Superset speaks many SQL dialects through SQLAlchemy, a Python ORM that is compatible with most common databases.

Superset can be used to visualize data out of most databases:

MySQL
Postgres
Vertica
Oracle
Microsoft SQL Server
SQLite
Greenplum
Firebird
MariaDB
Sybase
IBM DB2
Exasol
MonetDB
Snowflake
Redshift
more! look for the availability of a SQLAlchemy dialect for your database to find out whether it will work with Superset

Druid!

On top of having the ability to query your relational databases, Superset has ships with deep integration with Druid (a real time distributed column-store). When querying Druid, Superset can query humongous amounts of data on top of real time dataset. Note that Superset does not require Druid in any way to function, it's simply another database backend that it can query.

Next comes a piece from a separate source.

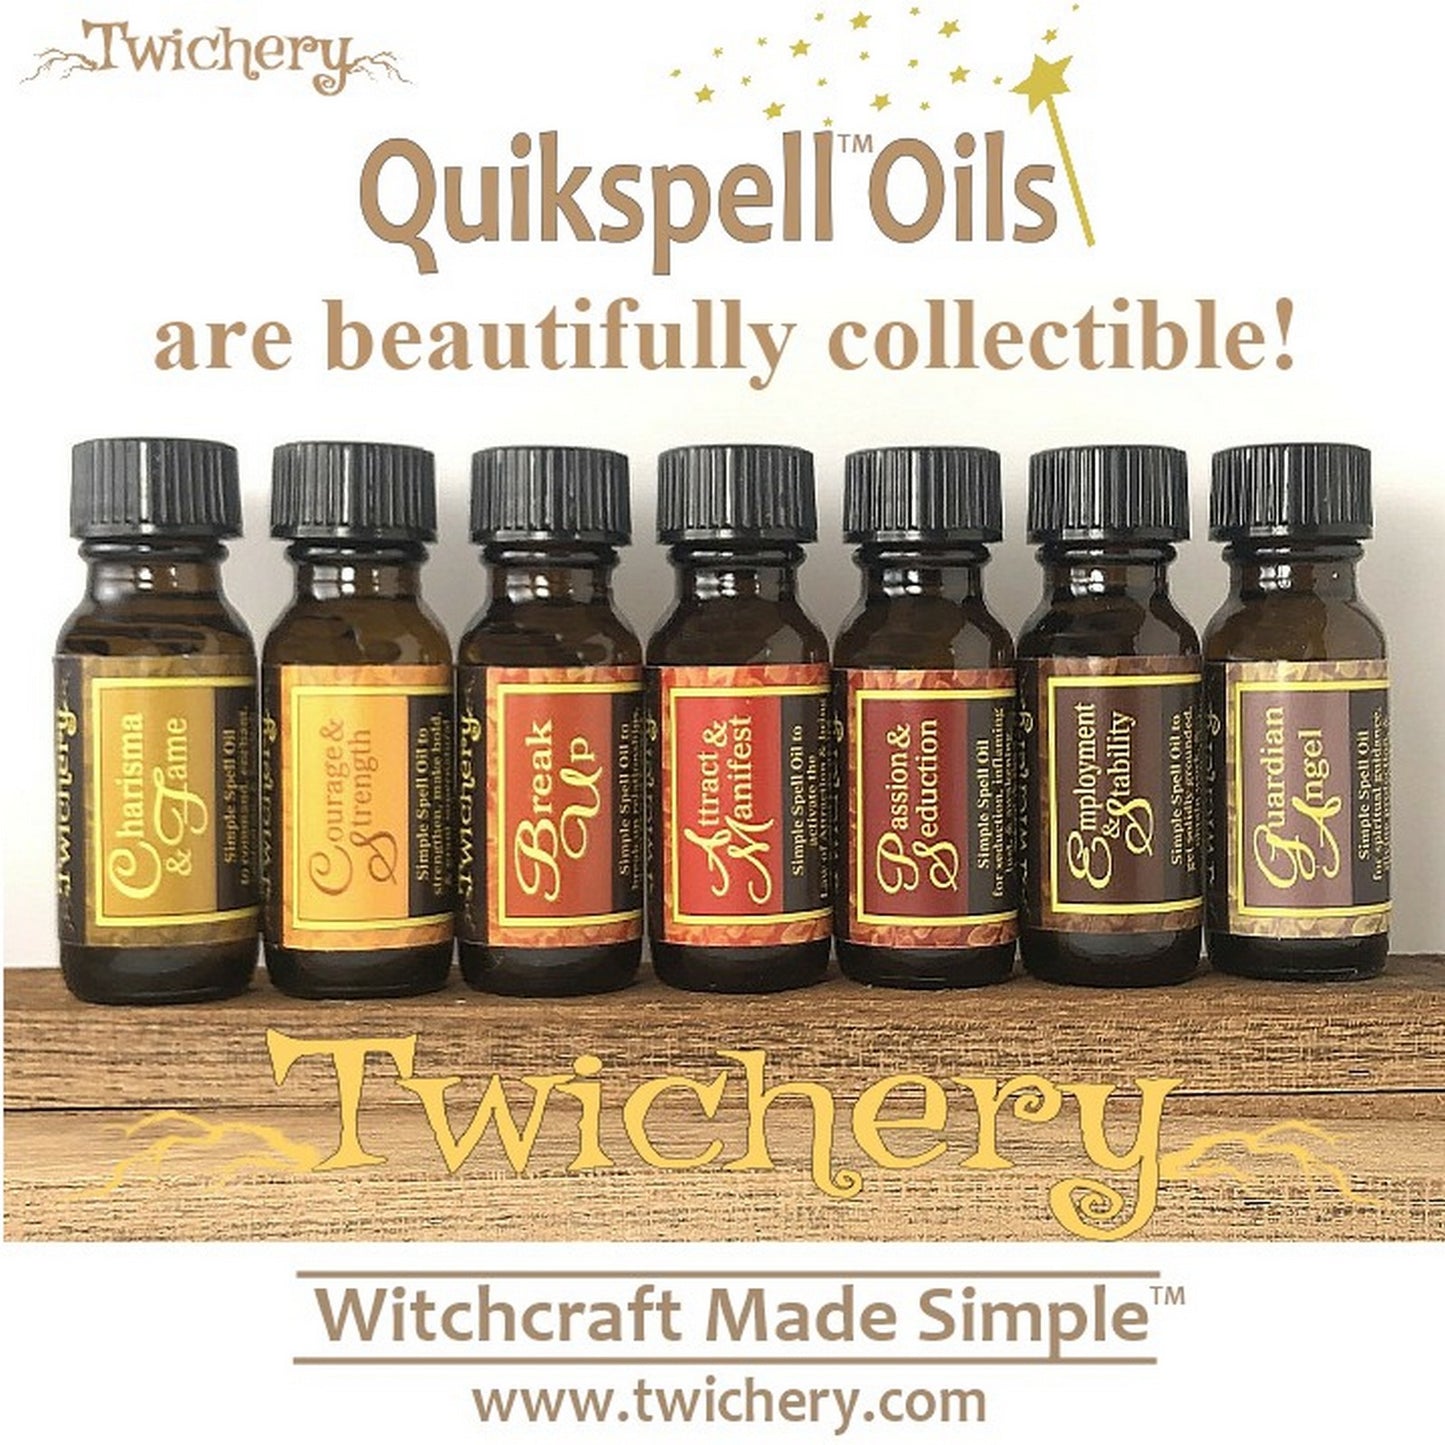 Twichery Quikspell Oils are the fastest conjure on the market. Hoodoo, Voodoo, Wicca, Pagan Witchcraft Made Simple
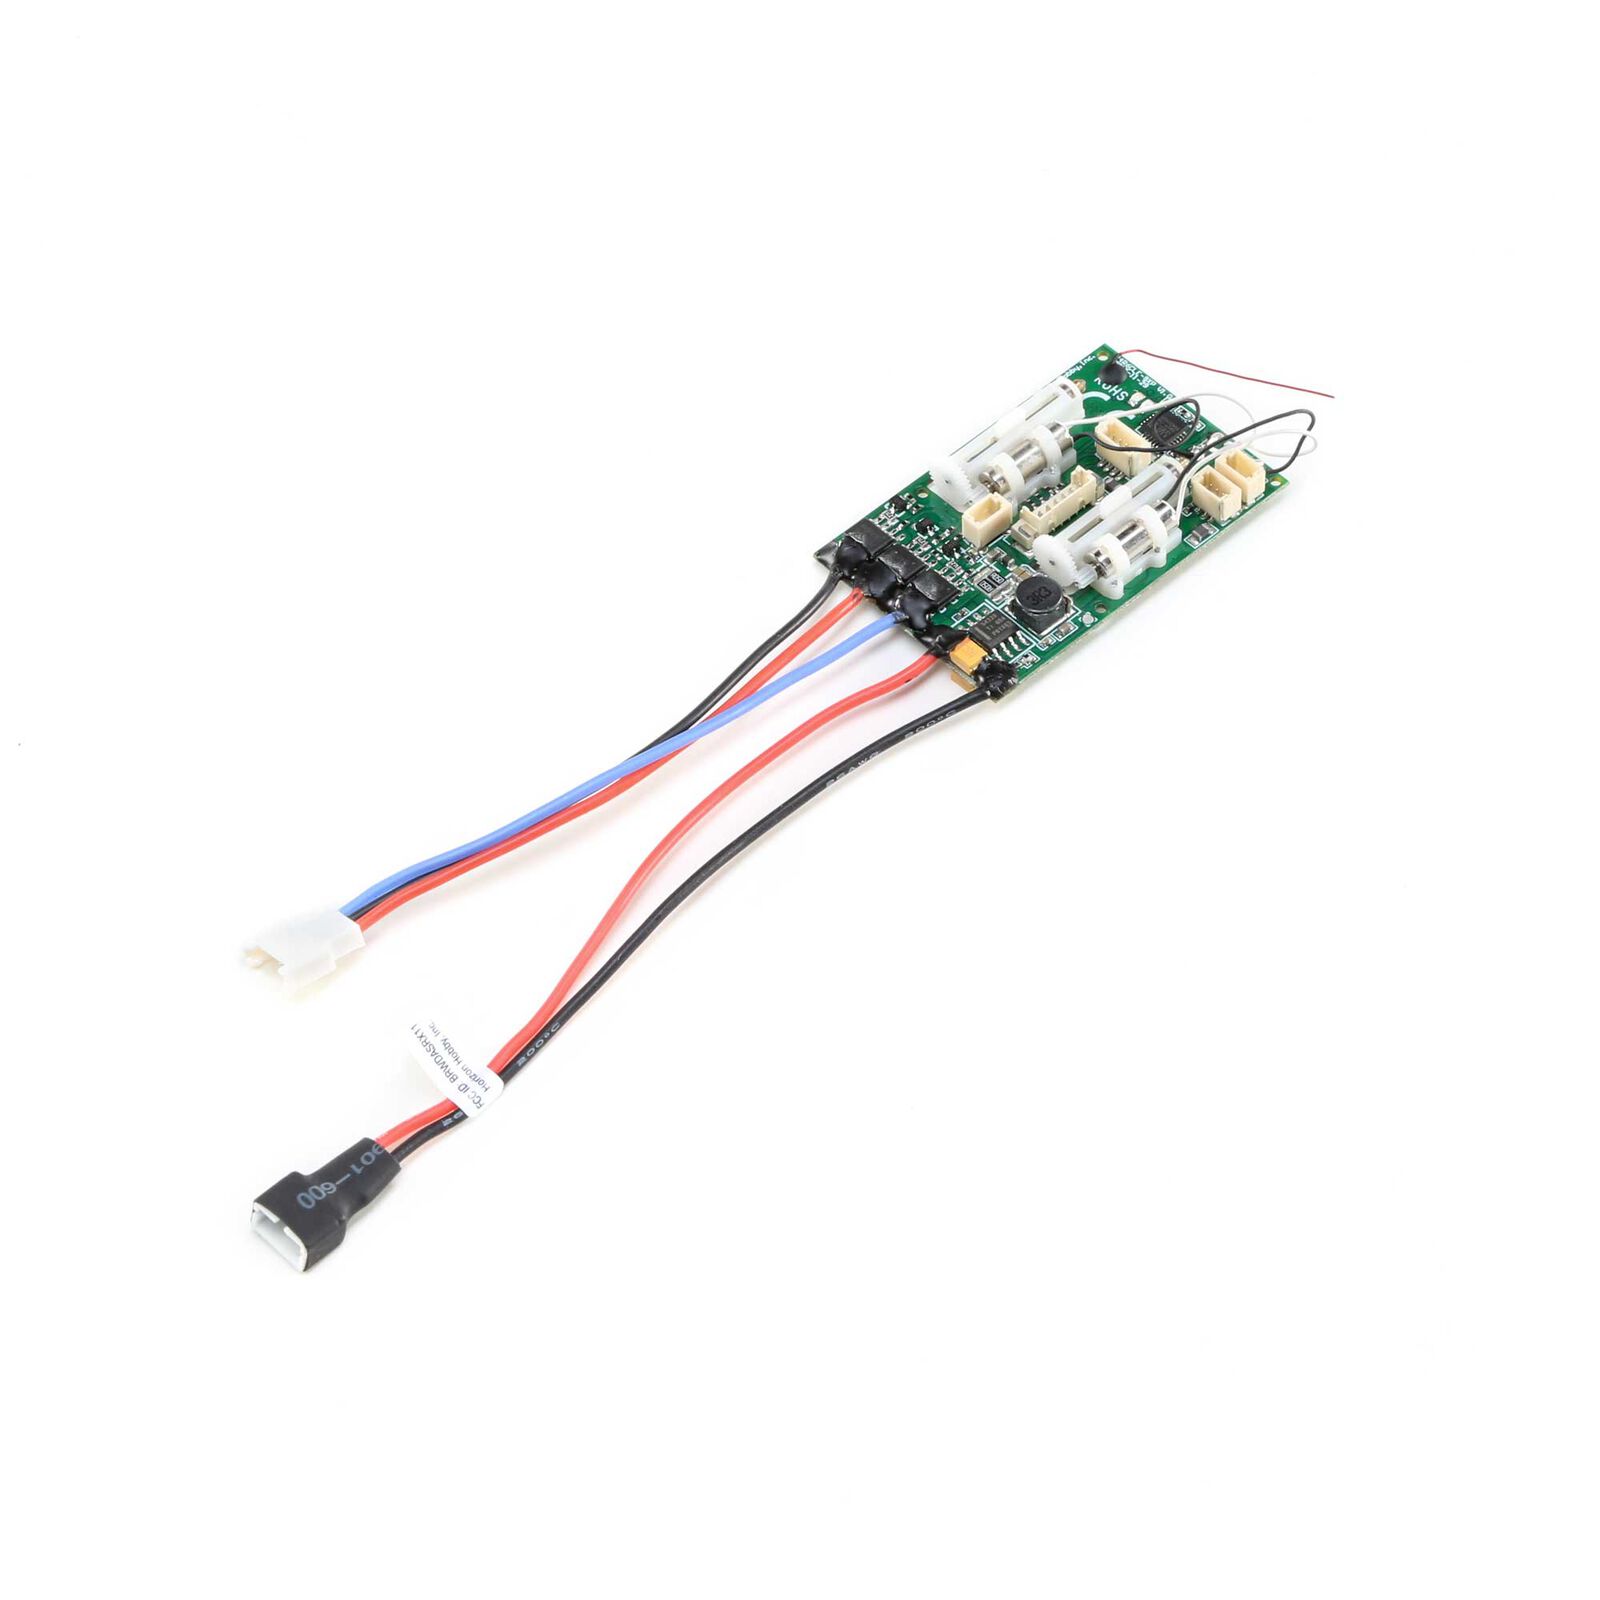 DSMX Receiver / Brushless ESC Unit with AS3X & SAFE: UMX Timber, Cirrus

Here's a description of Druid from the http://druid.io website:

Druid is an open-source analytics data store designed for business intelligence (OLAP) queries on event data. Druid provides low latency (real-time) data ingestion, flexible data exploration, and fast data aggregation. Existing Druid deployments have scaled to trillions of events and petabytes of data. Druid is best used to power analytic dashboards and applications.